Private buses in Kerala went off the roads on Thursday as part of an indefinite strike demanding revision in fares following surge in fuel prices.
The association of private bus operators in the state demand that the minimum rate be hiked from Rs 8 to Rs 12, the per km rate be increased to Rs 1.10 and student concession fares be increased from Rs 2 to Rs 6.

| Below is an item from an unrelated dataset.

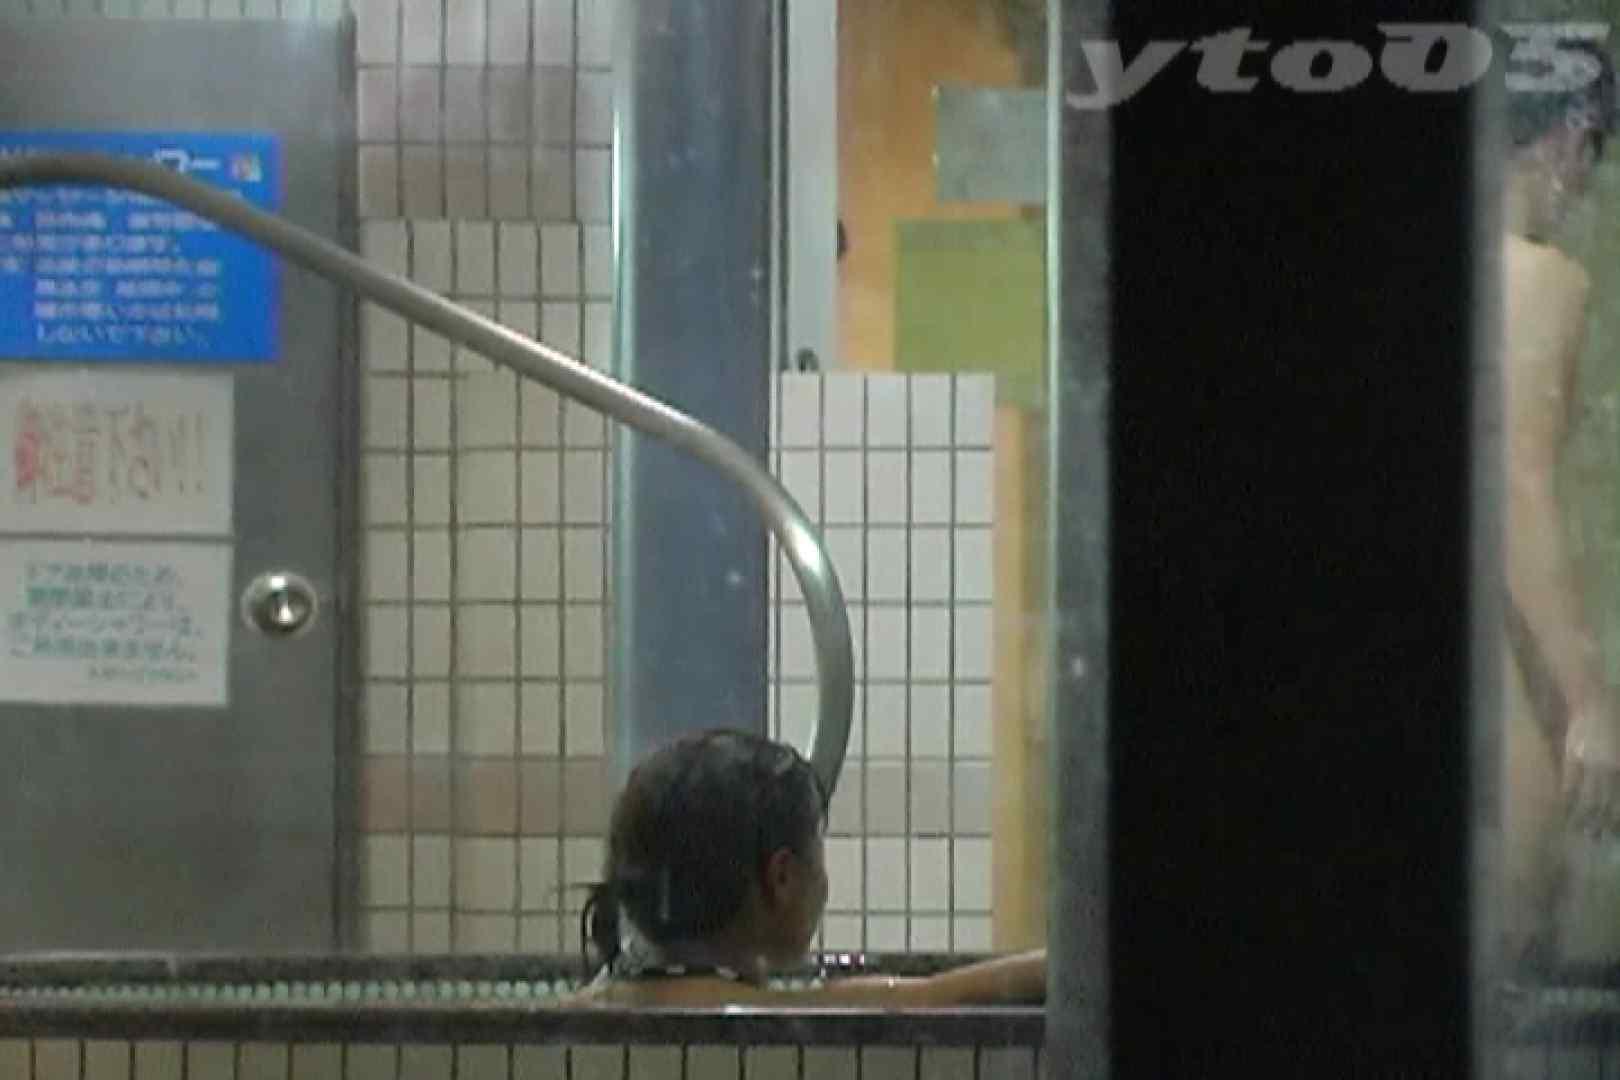 ▲復活限定▲合宿ホテル女風呂盗撮 Vol.31 合宿 エロ画像 84連発 47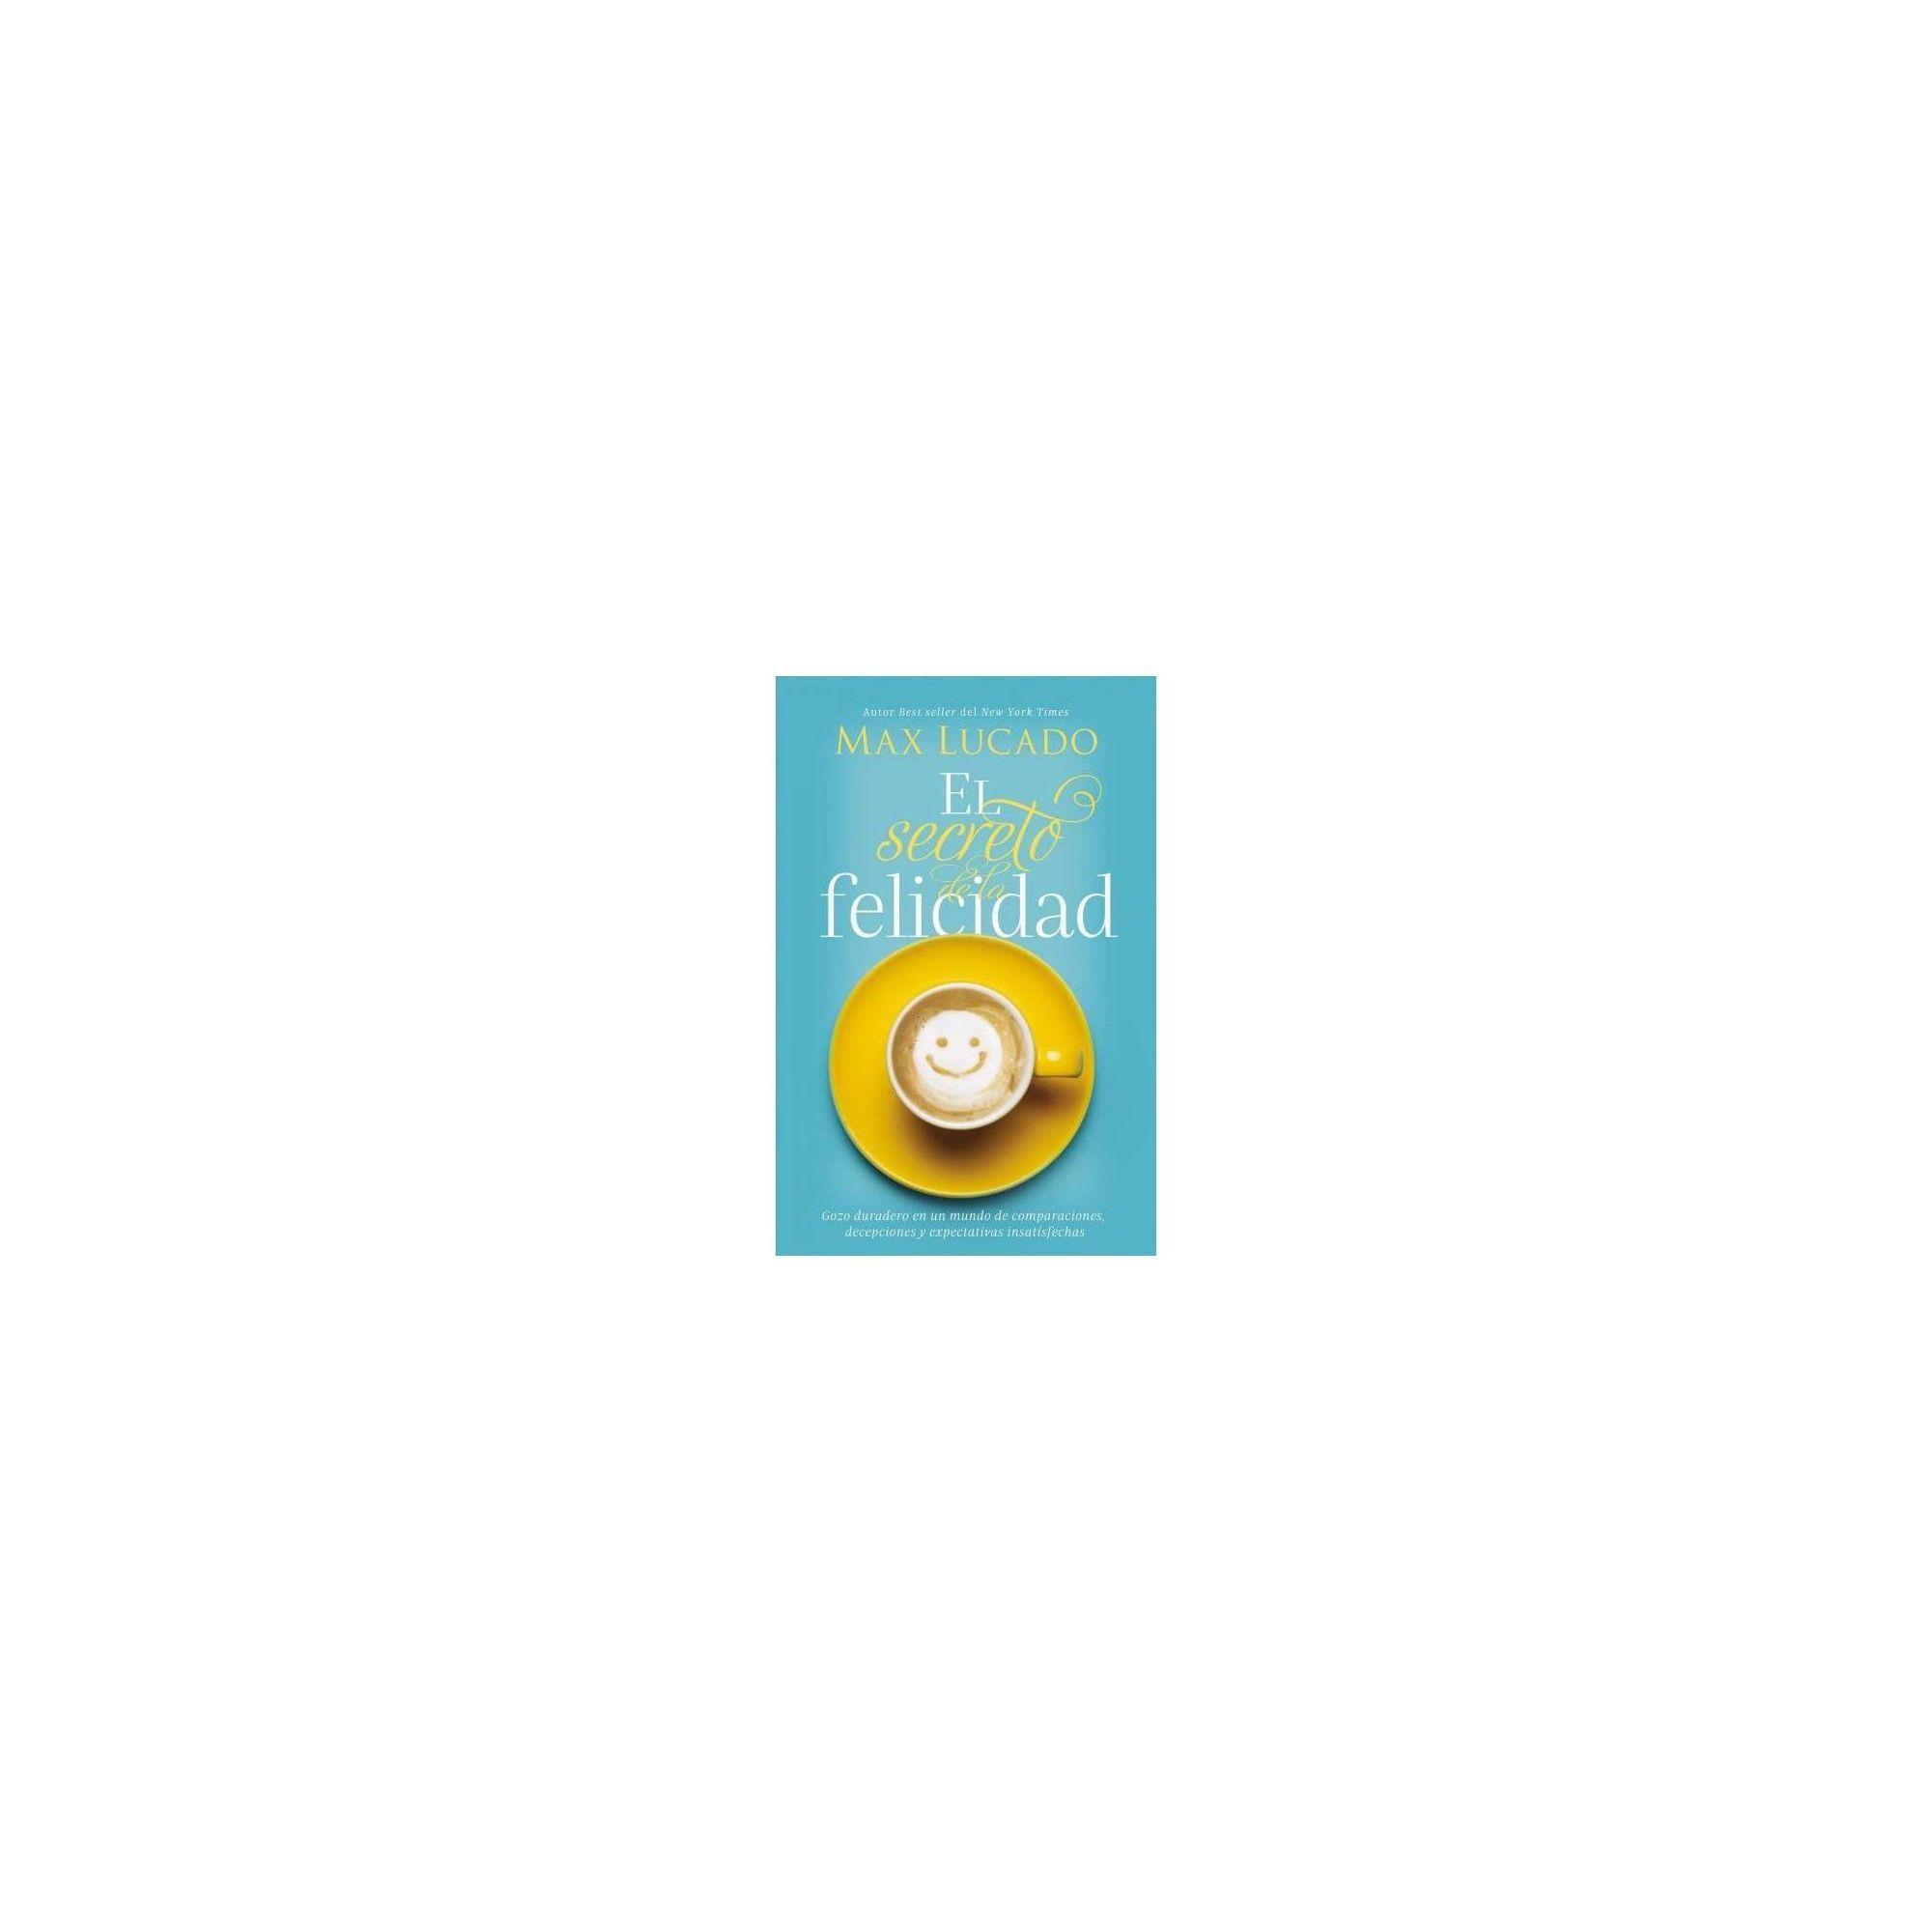 El Secreto De La Felicidad How Happiness Happens Spanish Edition By Max Lucado Paperback Christian Books Christian Printables Christian Coloring Book

The ruling LDF government has agreed to revise the bus fares as it acknowledges the financial constraints of private bus operators who have been struggling due to the fuel price hike and a slowdown in demand following the Covid-19 pandemic. However, it has not specified which of the demands it intends to accept and the date from which the revision in fares can be implemented.
Transport minister Antony Raju said the operators must withdraw the strike considering the government has agreed to revise the fares. He added that the strike would be extremely painful for students who are appearing for various exams.
“The strike appears to be a ploy by the trade unions to imply that the revision in bus fares was made under their pressure. When the decision to revise fares has already been made, why are they continuing with the strike?” Raju asked.
Though the state-run bus corporation (KSRTC) promised to run additional services on Thursday, they haven’t done so due to shortage of staff.
Kerala has over 12,000 private buses of which only about 5,500 have returned to the roads following the lifting of the Covid-induced lockdown.